Was doing some tunnings and got better results already.
Was using a t3.medium mysql instance with 650k process instances, some of them with open incidents, and acess the main cockpit and a process definition page too.
There was 2 slow queries:

select count(distinct RES.ID_ ) from ACT_RU_EXECUTION RES inner join ACT_RE_PROCDEF P on RES.PROC_DEF_ID_ = P.ID_ WHERE ( RES.PARENT_ID_ is null and ( P.ID_ = “teste-processo:1:7ce661a4-b3ff-11ef-936a-fe1819a0d98d” ) ) and (RES.TENANT_ID_ is null )

It took 17s

Added this index and it goes to 1s now:

CREATE INDEX PROC_DEF_ID_PARENT_ID_TENANT_ID USING BTREE ON camunda.ACT_RU_EXECUTION (PROC_DEF_ID_,PARENT_ID_,TENANT_ID_);

Also found that the count query for the activities to show a process definition took 32s:

select distinct RES.* from ( select ACTID.ACT_ID_ as ID_, INSTANCE.INSTANCE_COUNT_ , INC.INCIDENT_TYPE_ , INC.INCIDENT_COUNT_ from ( select distinct ACT_ID_ from ( select distinct E.ACT_ID_ from ACT_RU_EXECUTION E

where E.PROC_DEF_ID_ = “teste-processo:1:7ce661a4-b3ff-11ef-936a-fe1819a0d98d” and E.IS_ACTIVE_ = 1 and E.ACT_ID_ is not null and (E.TENANT_ID_ is null ) UNION select distinct I.ACTIVITY_ID_ AS ACT_ID_ from ACT_RU_INCIDENT I where I.PROC_DEF_ID_ = “teste-processo:1:7ce661a4-b3ff-11ef-936a-fe1819a0d98d”

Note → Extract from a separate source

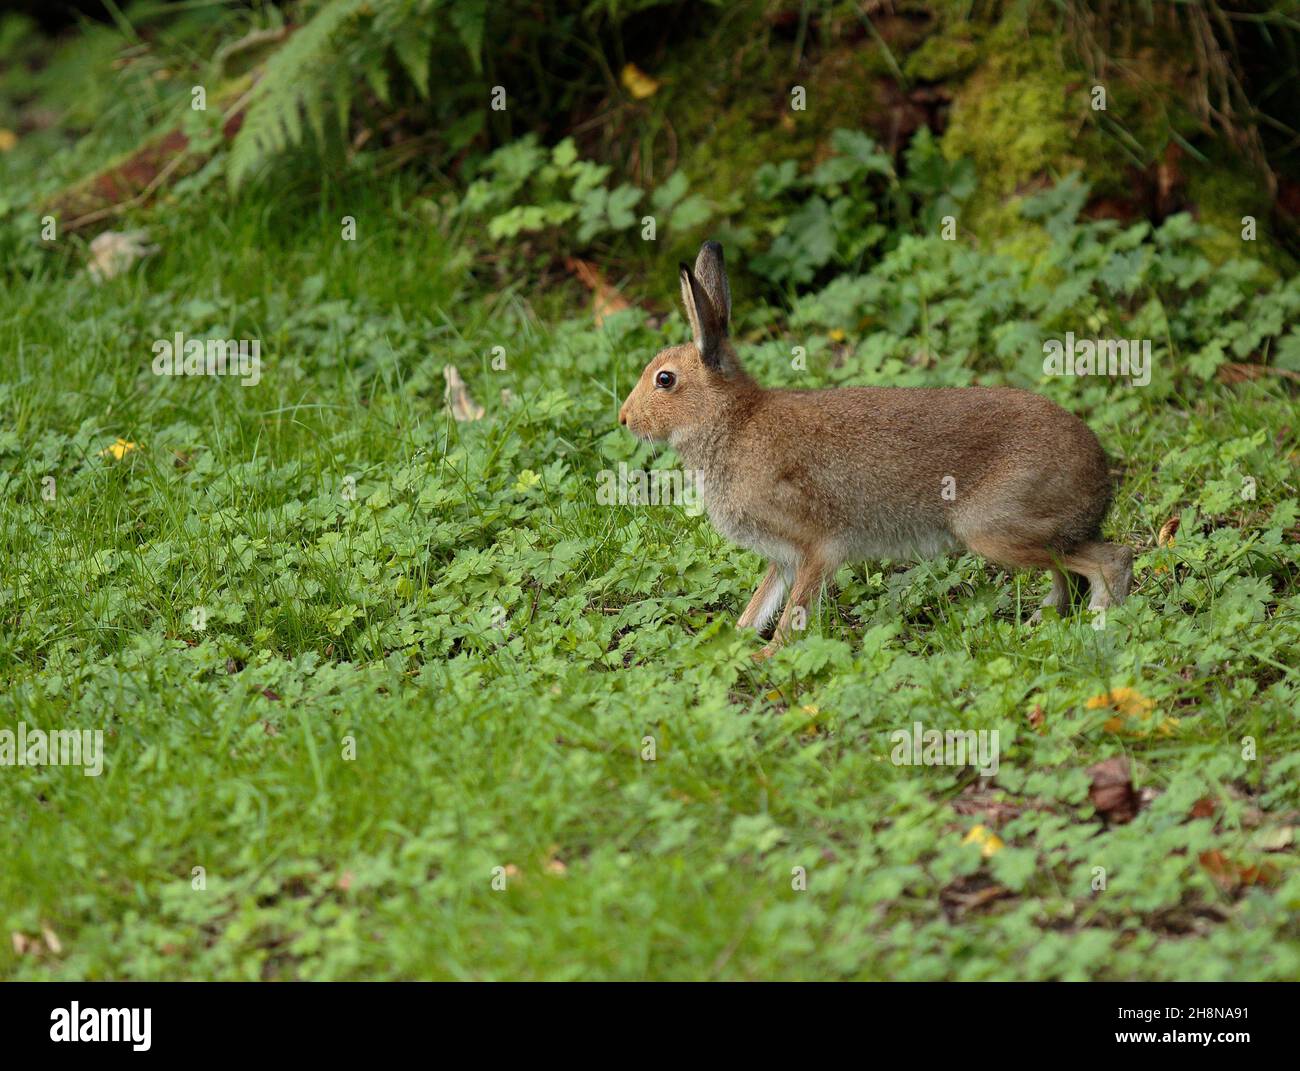 Irish hare Stock Photo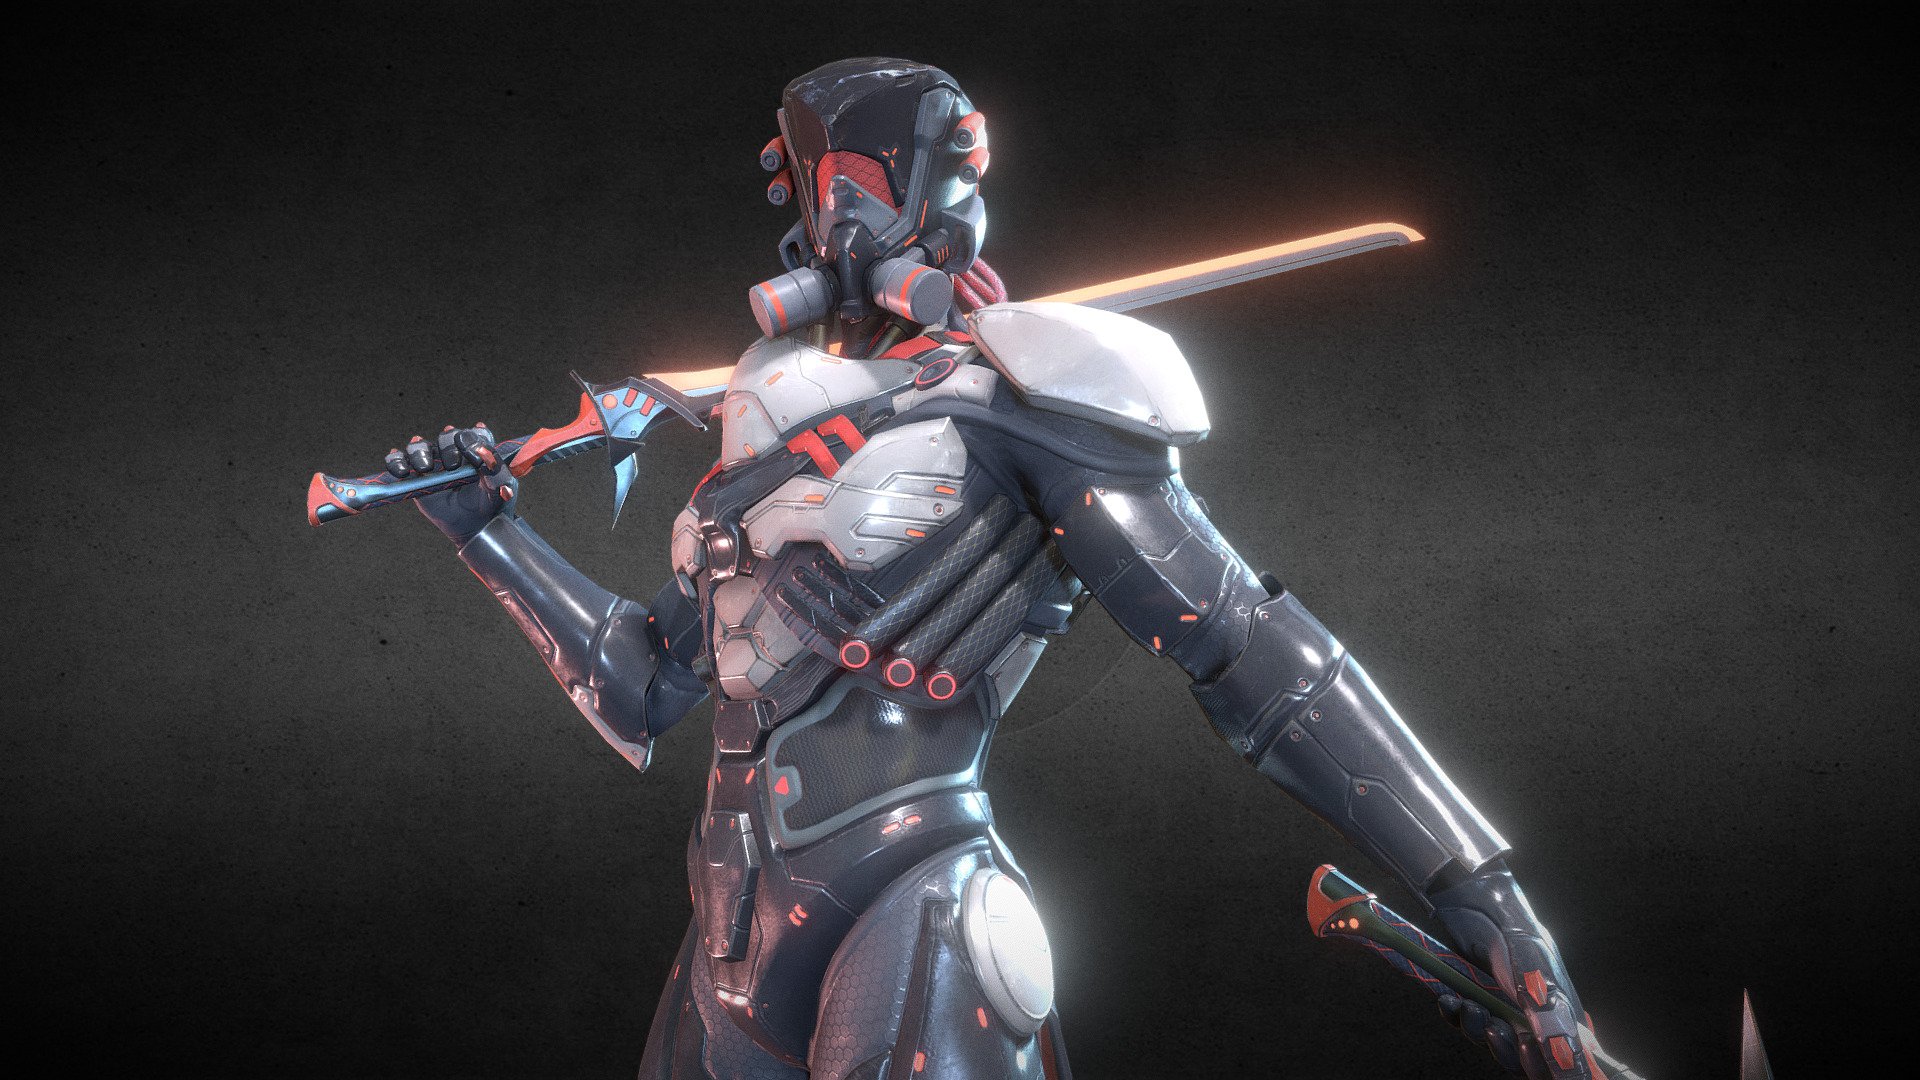 juegostudio.com - Sci Fi Character with Blades - 3D model by JuegoStudio 3d model

and I.ACTIVITY_ID_ is not null ) ACTID ) ACTID

left outer join ( select E.ACT_ID_ , count(distinct E.ID_) as INSTANCE_COUNT_ from ACT_RU_EXECUTION E where E.PROC_DEF_ID_ = “teste-processo:1:7ce661a4-b3ff-11ef-936a-fe1819a0d98d” and E.IS_ACTIVE_ = 1 and

(E.TENANT_ID_ is null ) group by E.ACT_ID_ ) INSTANCE on ACTID.ACT_ID_ = INSTANCE.ACT_ID_ left outer join

( select I.ACTIVITY_ID_ , I.INCIDENT_TYPE_ , count(distinct I.ID_) as INCIDENT_COUNT_ from ACT_RU_INCIDENT I where I.PROC_DEF_ID_ = “teste-processo:1:7ce661a4-b3ff-11ef-936a-fe1819a0d98d”

and (I.TENANT_ID_ is null ) group by I.ACTIVITY_ID_, I.INCIDENT_TYPE_ ) INC on ACTID.ACT_ID_ = INC.ACTIVITY_ID_ ) RES order by RES.ID_ asc LIMIT 2147483647 OFFSET 0

The main reason was that it always goes to a very bad index using TENANT_ID_ and my tenant is always null…

After i droped these two index it goes to only 6s:

alter table ACT_RU_INCIDENT drop index ACT_IDX_INC_TENANT_ID;
alter table ACT_RU_EXECUTION drop index ACT_IDX_EXEC_TENANT_ID;

Maybe ill find a better way instead of drop the default ones

jradesenv · December 11, 2024, 3:23am

Created these new indexes and did optimize these two tables, and now im running this query in 3s:

CREATE INDEX idx_execution ON ACT_RU_EXECUTION (PROC_DEF_ID_, IS_ACTIVE_, ACT_ID_, TENANT_ID_);
CREATE INDEX idx_incident ON ACT_RU_INCIDENT (PROC_DEF_ID_, ACTIVITY_ID_, TENANT_ID_);

OPTIMIZE TABLE ACT_RU_EXECUTION;
OPTIMIZE TABLE ACT_RU_INCIDENT;

paul · December 11, 2024, 11:34am

The web apps, and therefore the cockpit, are getting a full rewrite. So we’ll see how well they perform. But it is a good thing to remember to test it with 100k’s worth of processes sooner than later.

javahippie · December 11, 2024, 12:03pm

Adding indexes for performance reason was always “allowed” by Camunda, also in Enterprise settings. I did this for a client with 3 TB history data (please don’t ask). The optimizations you did seem reasonable to me, and should not impact write performance at all, thanks for sharing them!